INPUT DATA:
◆ ◆ ◆ ◆
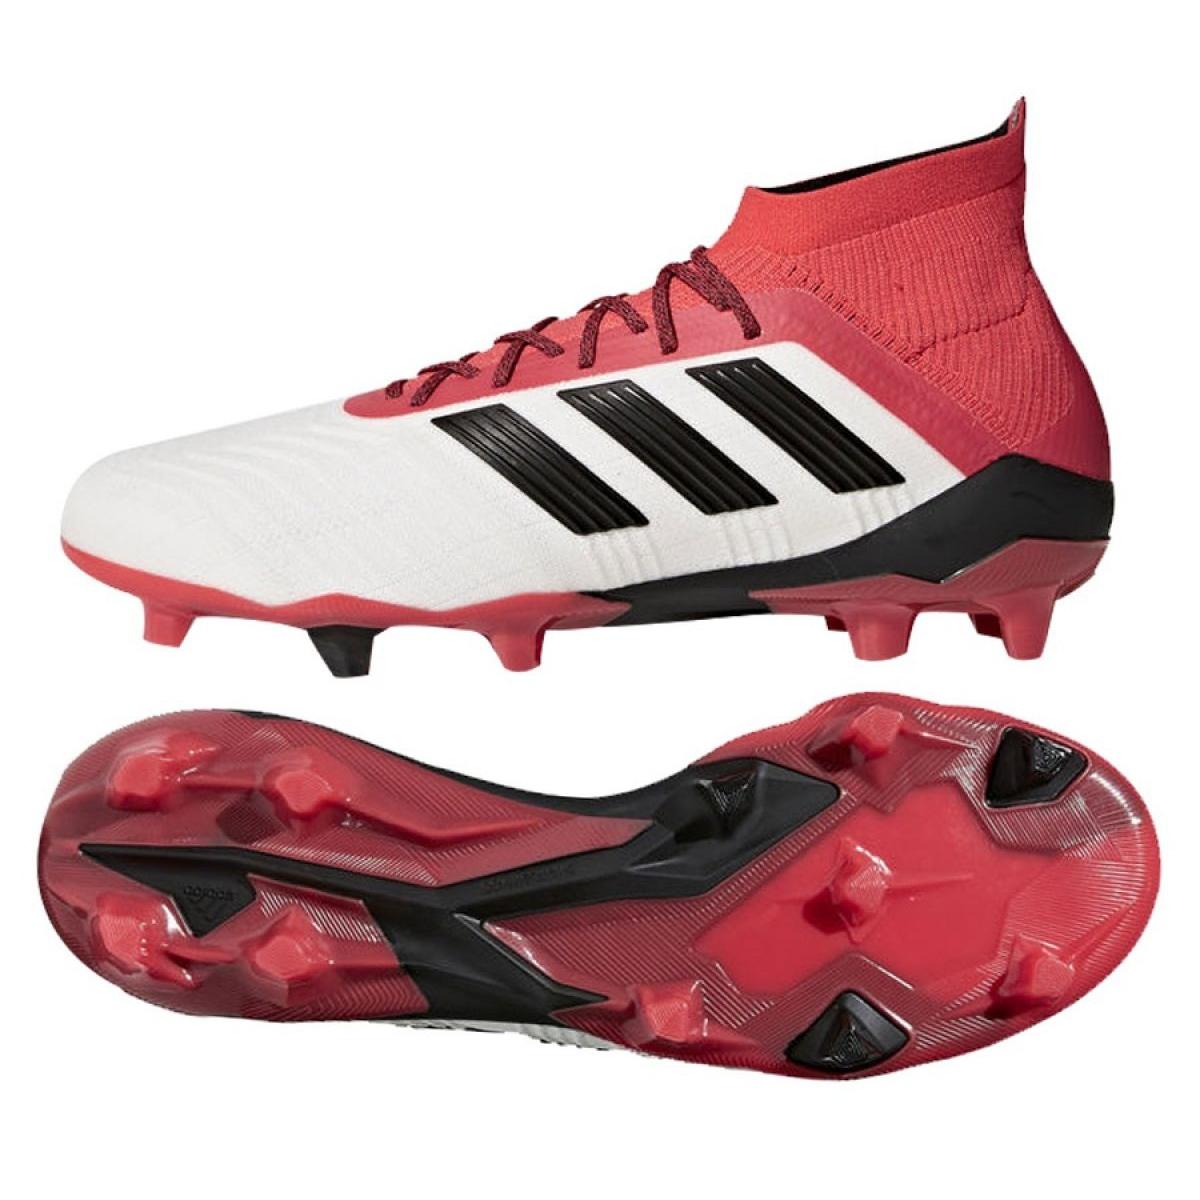 uomo vasta gamma ultima moda Scarpe da calcio adidas Predator 18.1 Fg M CM7410
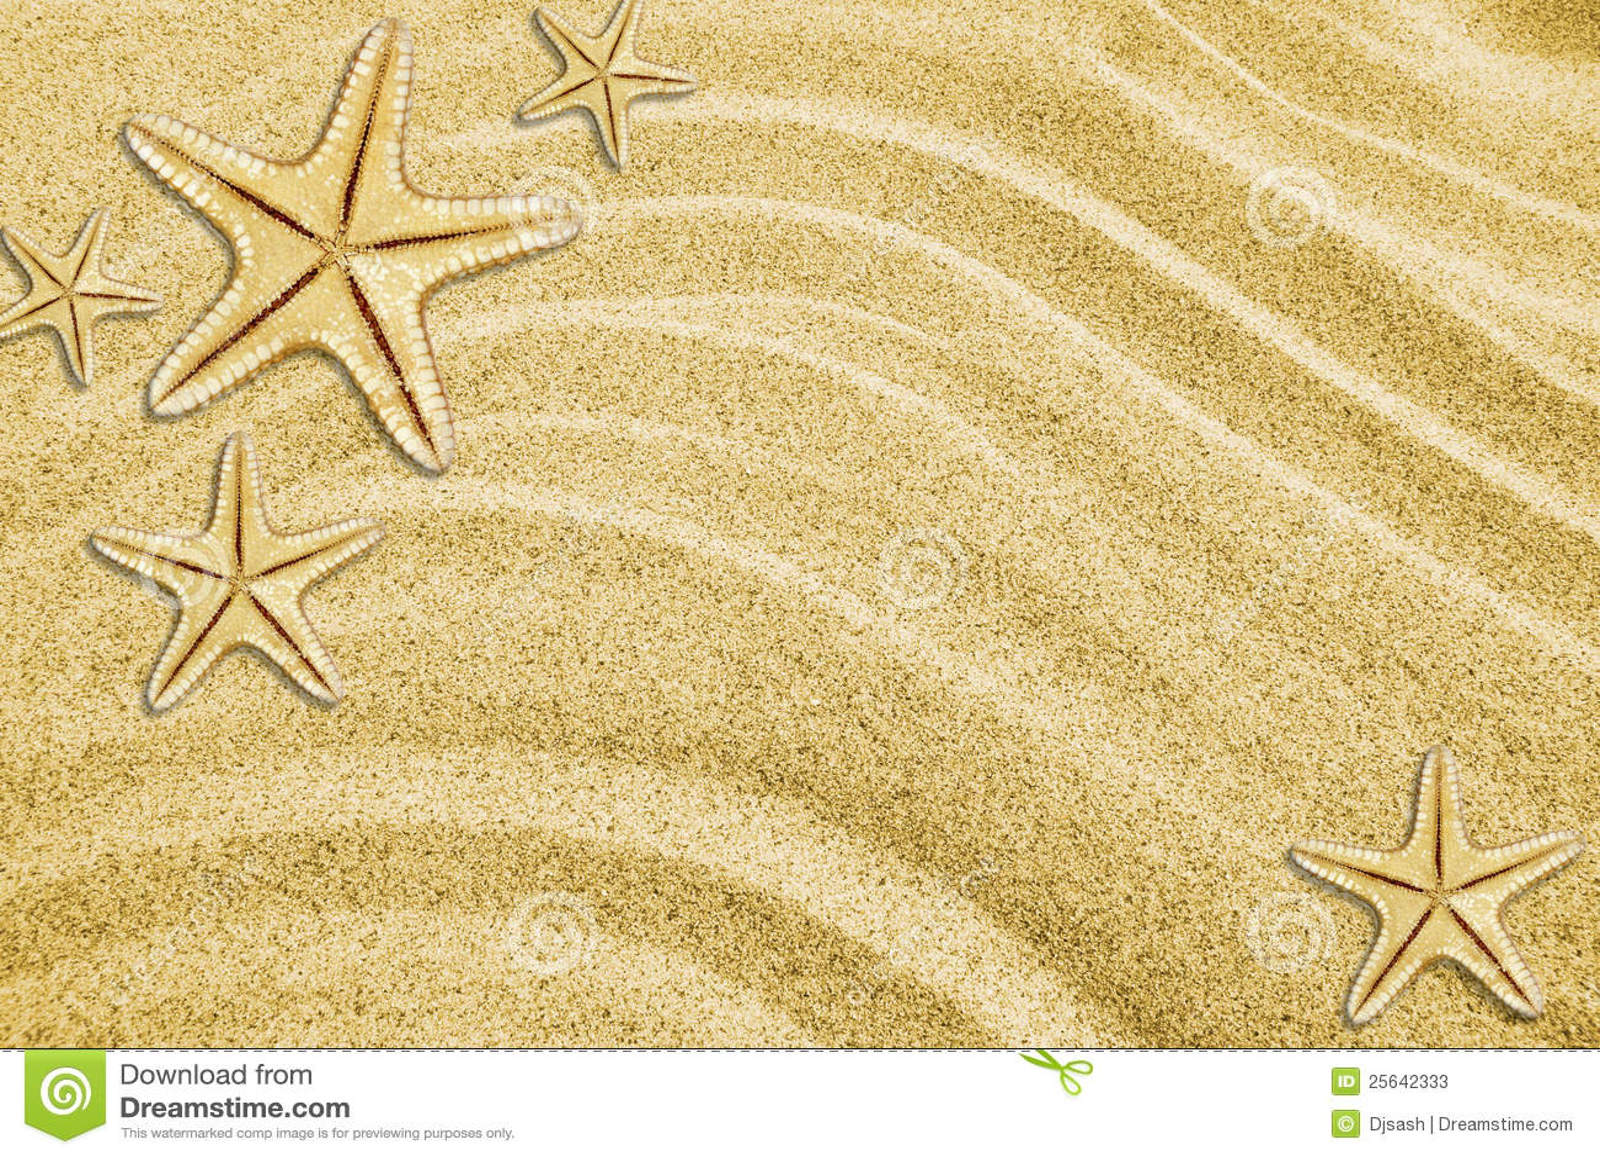 Starfishes on beach sand
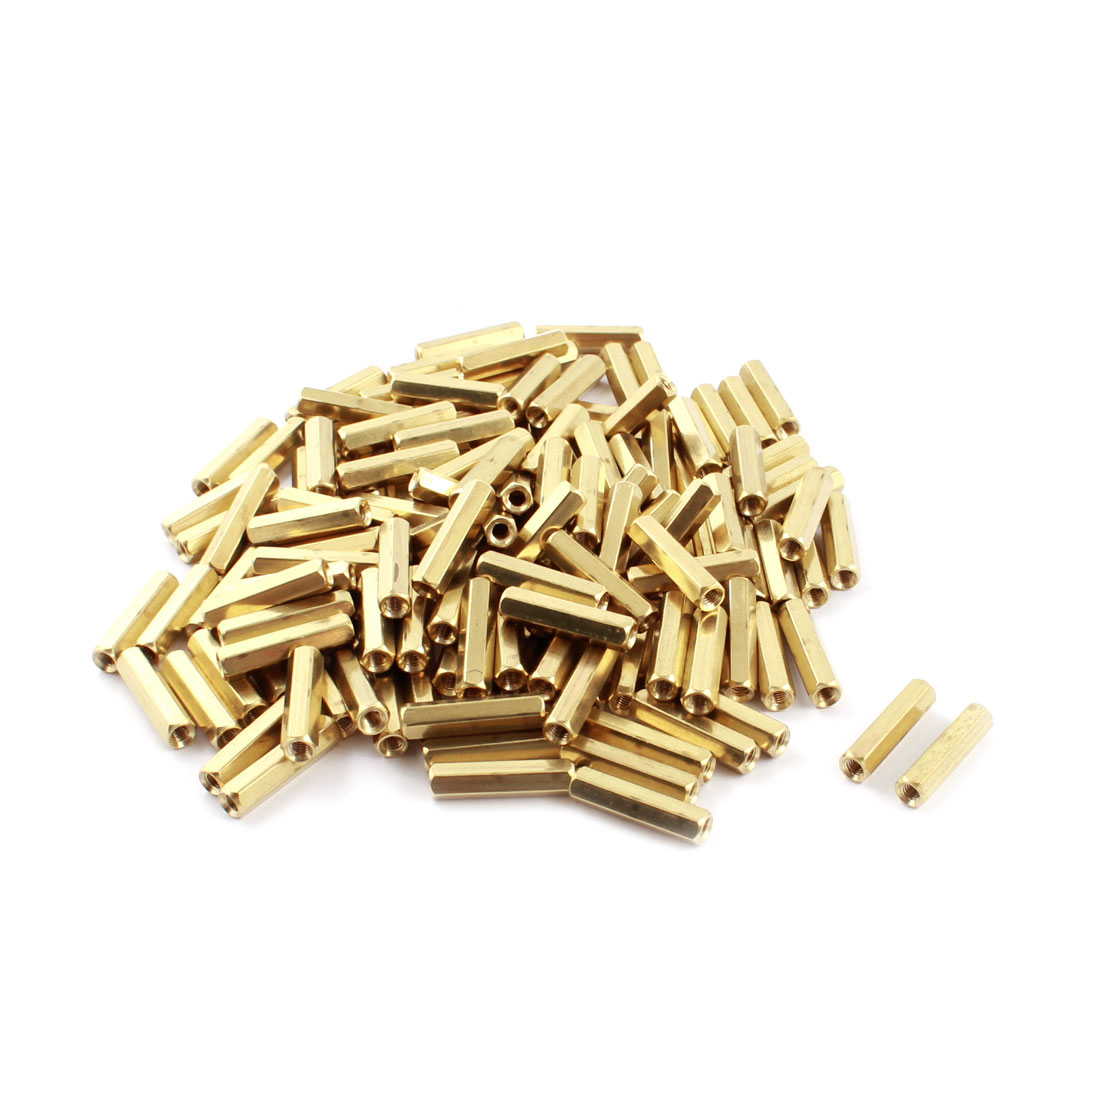 150 Pcs M3 x 20mm Female Thread Dual Ends Gold Tone Pillar PCB Standoff Hexagonal Nut Spacer
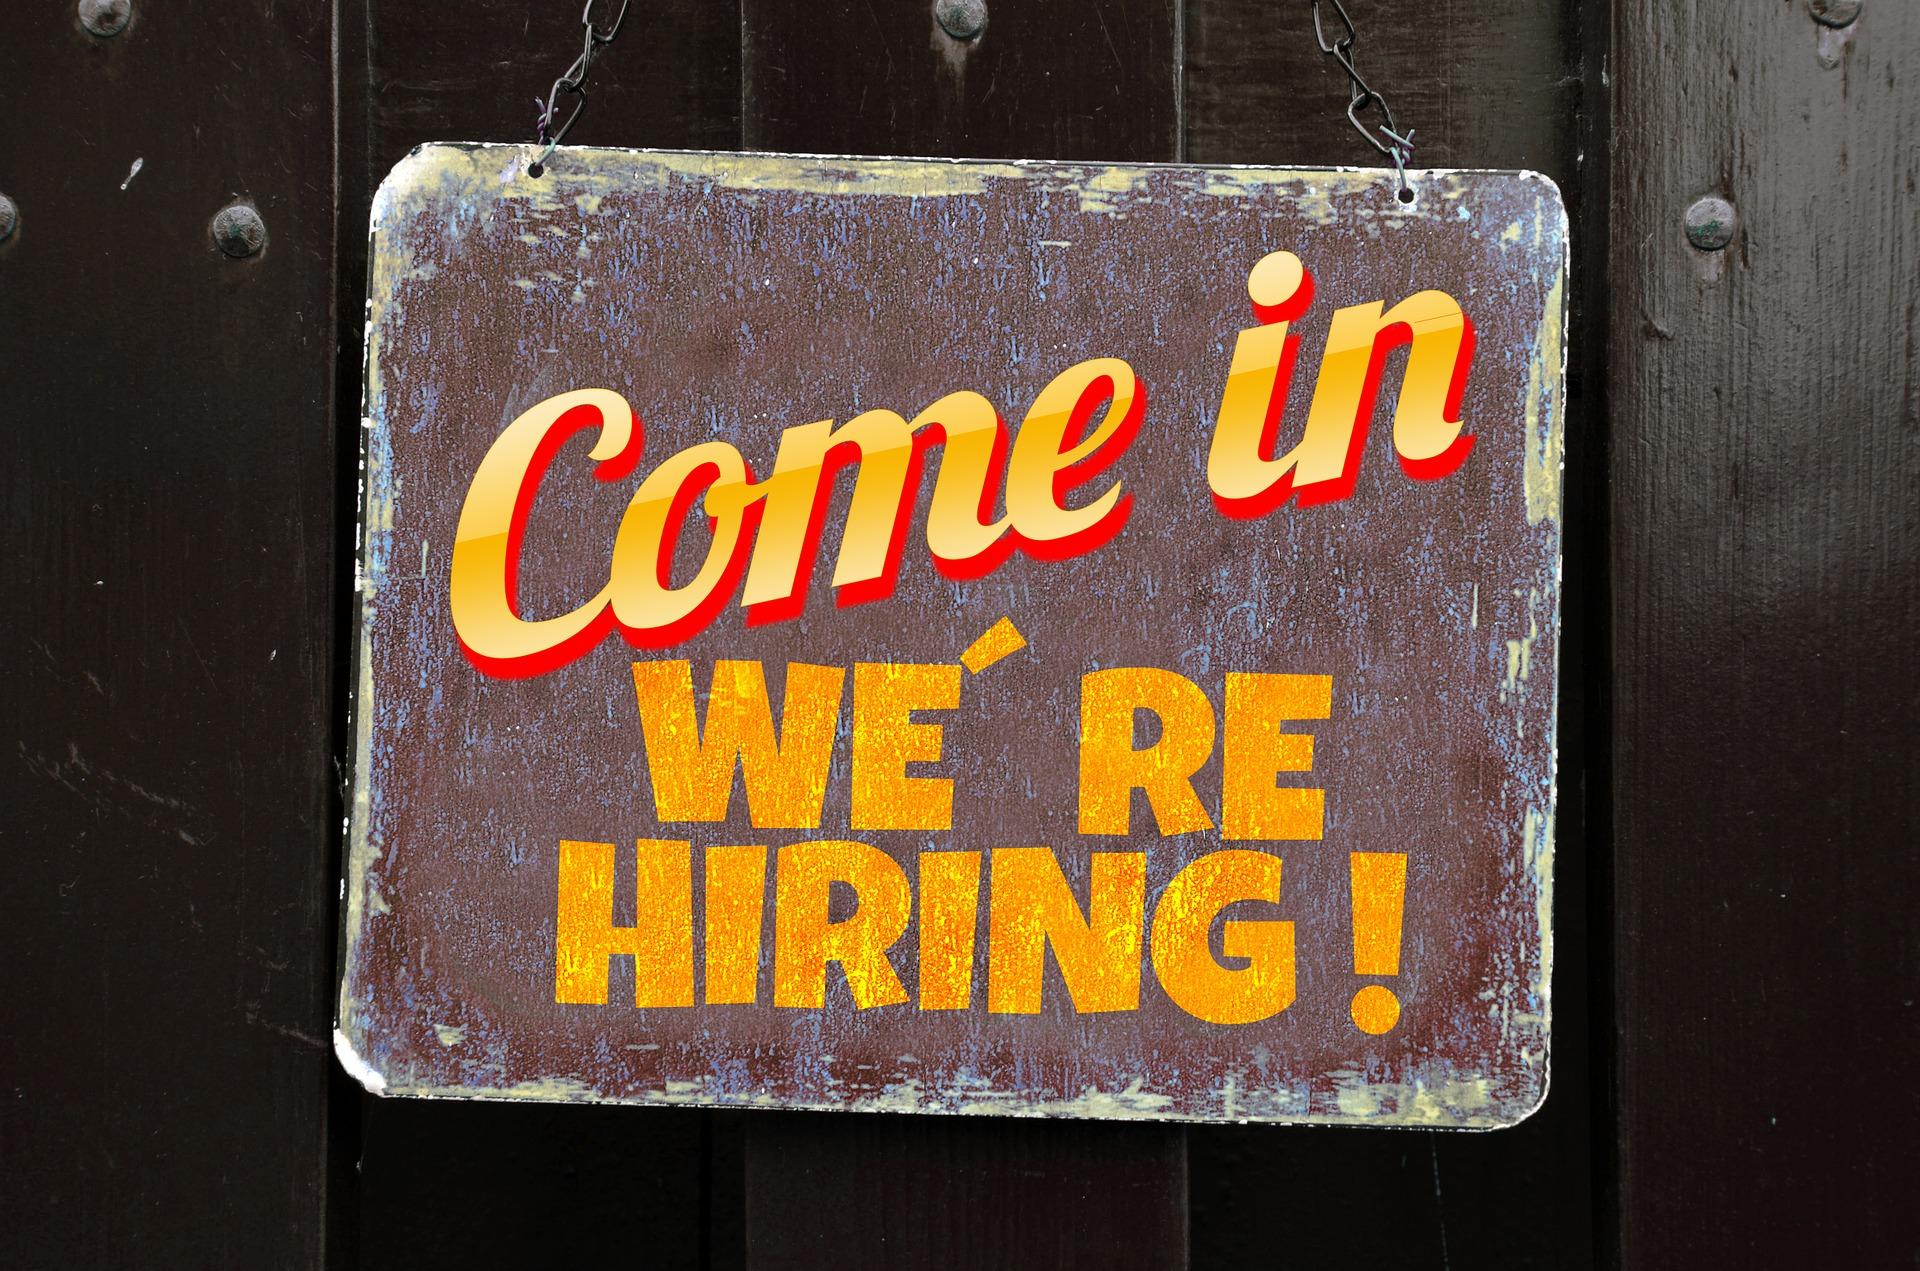 Employment opportunities in rock hill, sc
◆ ◆ ◆ ◆
YOUR GOAL: Write the listing above out again exactly, dropping each image.

ANSWER BELOW:
 uomo vasta gamma ultima moda Scarpe da calcio adidas Predator 18.1 Fg M CM7410
 Starfishes on beach sand
 150 Pcs M3 x 20mm Female Thread Dual Ends Gold Tone Pillar PCB Standoff Hexagonal Nut Spacer
 Employment opportunities in rock hill, sc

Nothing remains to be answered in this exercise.